*** Given data

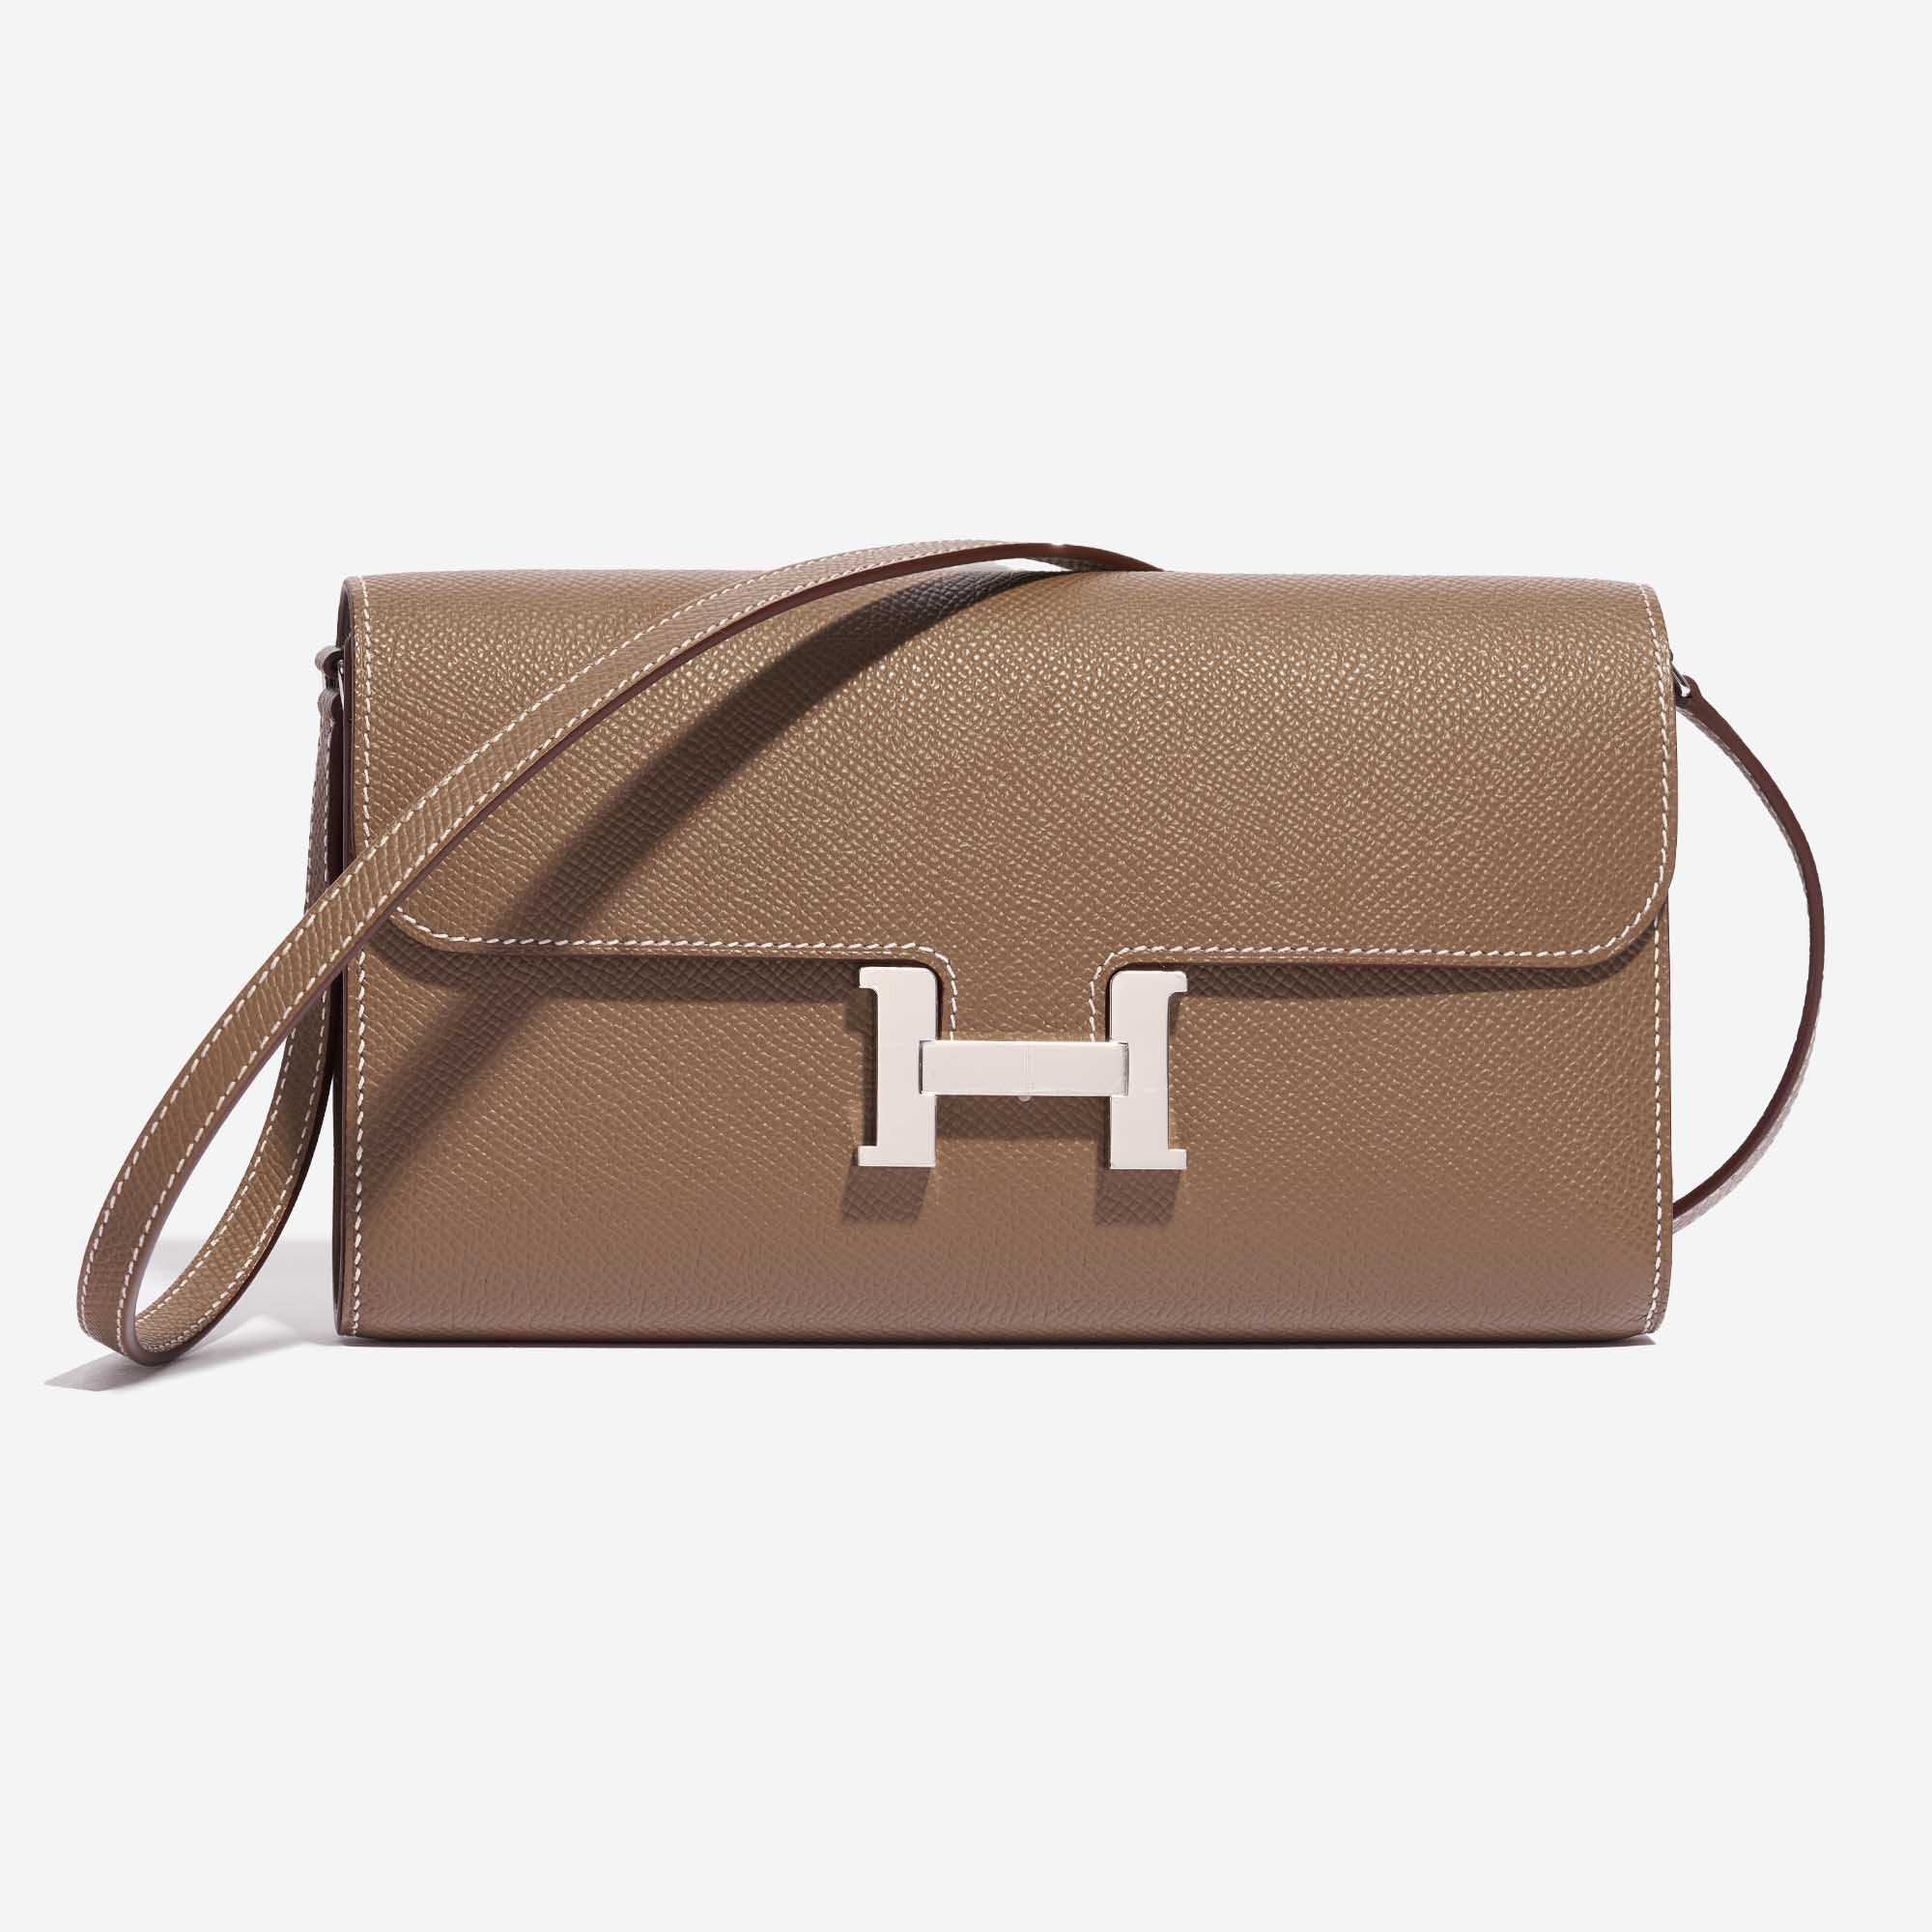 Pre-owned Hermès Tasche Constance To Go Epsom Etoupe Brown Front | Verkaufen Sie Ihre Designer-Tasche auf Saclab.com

******
*** Given data

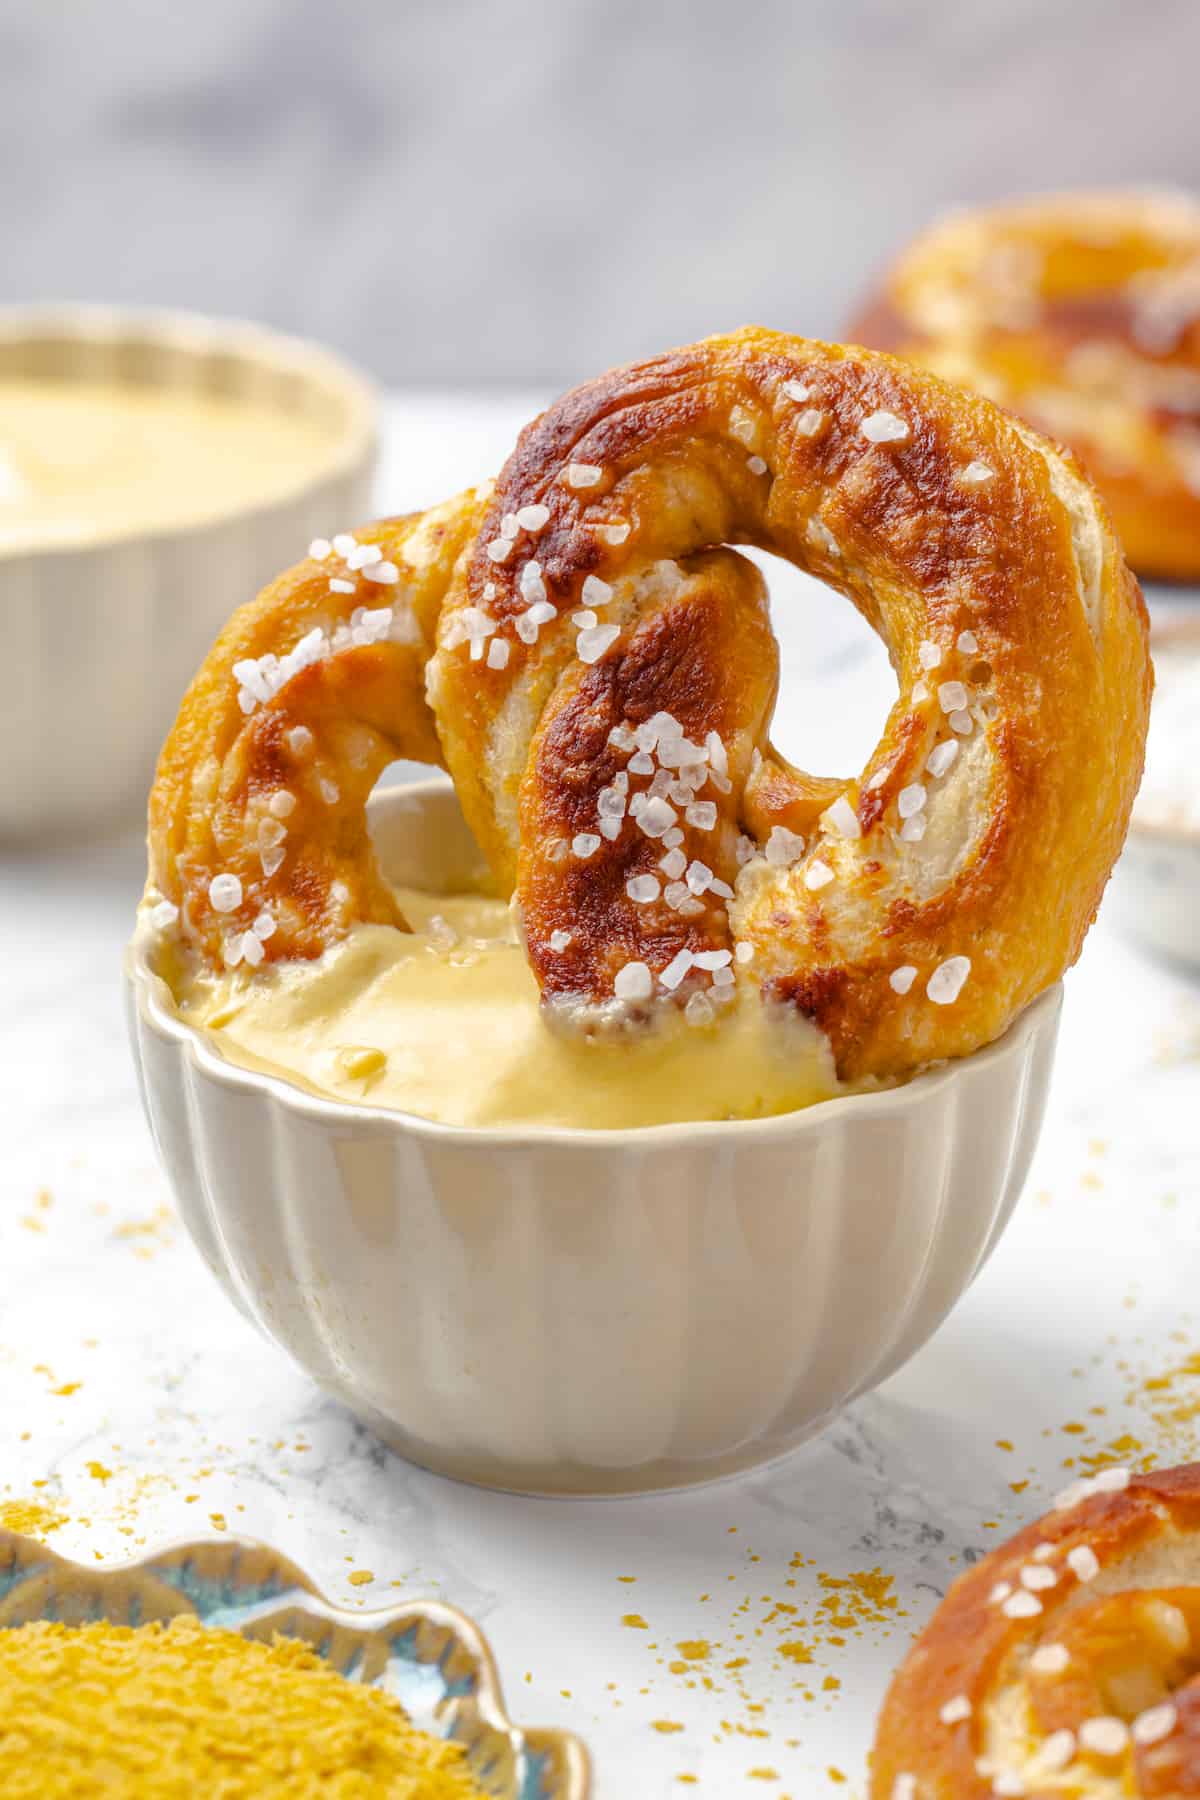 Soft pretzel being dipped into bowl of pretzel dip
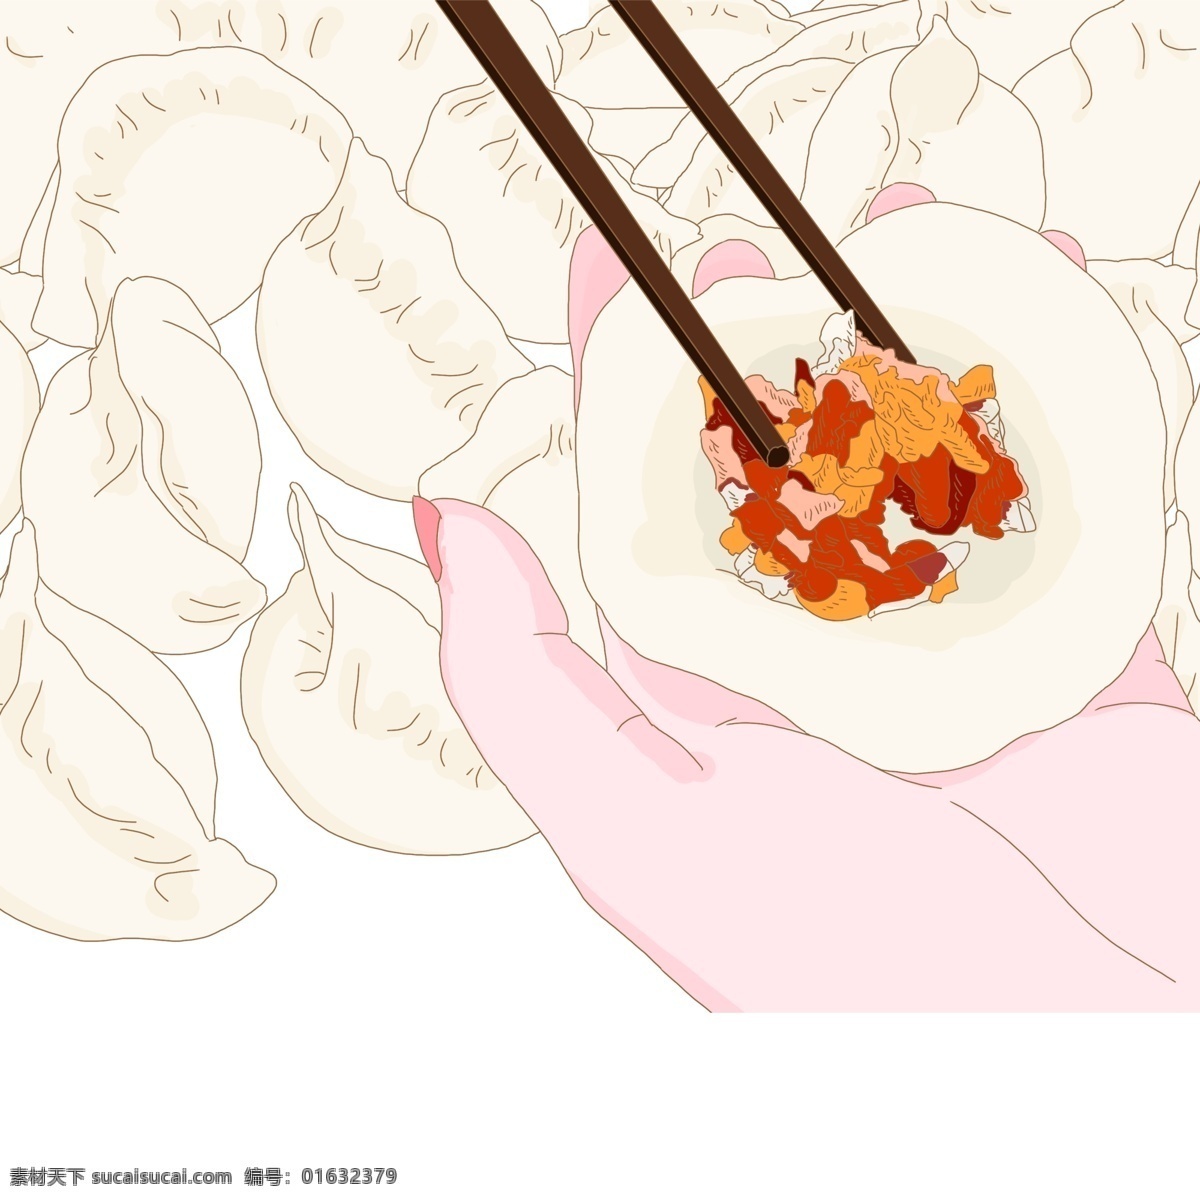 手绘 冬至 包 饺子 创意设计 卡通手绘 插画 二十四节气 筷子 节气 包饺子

******

__Instructions to follow__: Since the pictures are not part of the copy, please transcribe only the lines above from the one with "Soft pretzel being" through the one with "手绘 冬至 包 饺子 创意设计 卡通手绘 插画 二十四节气 筷子 节气 包饺子", exactly and with both ends.

__Completed task__:
 Soft pretzel being dipped into bowl of pretzel dip
 手绘 冬至 包 饺子 创意设计 卡通手绘 插画 二十四节气 筷子 节气 包饺子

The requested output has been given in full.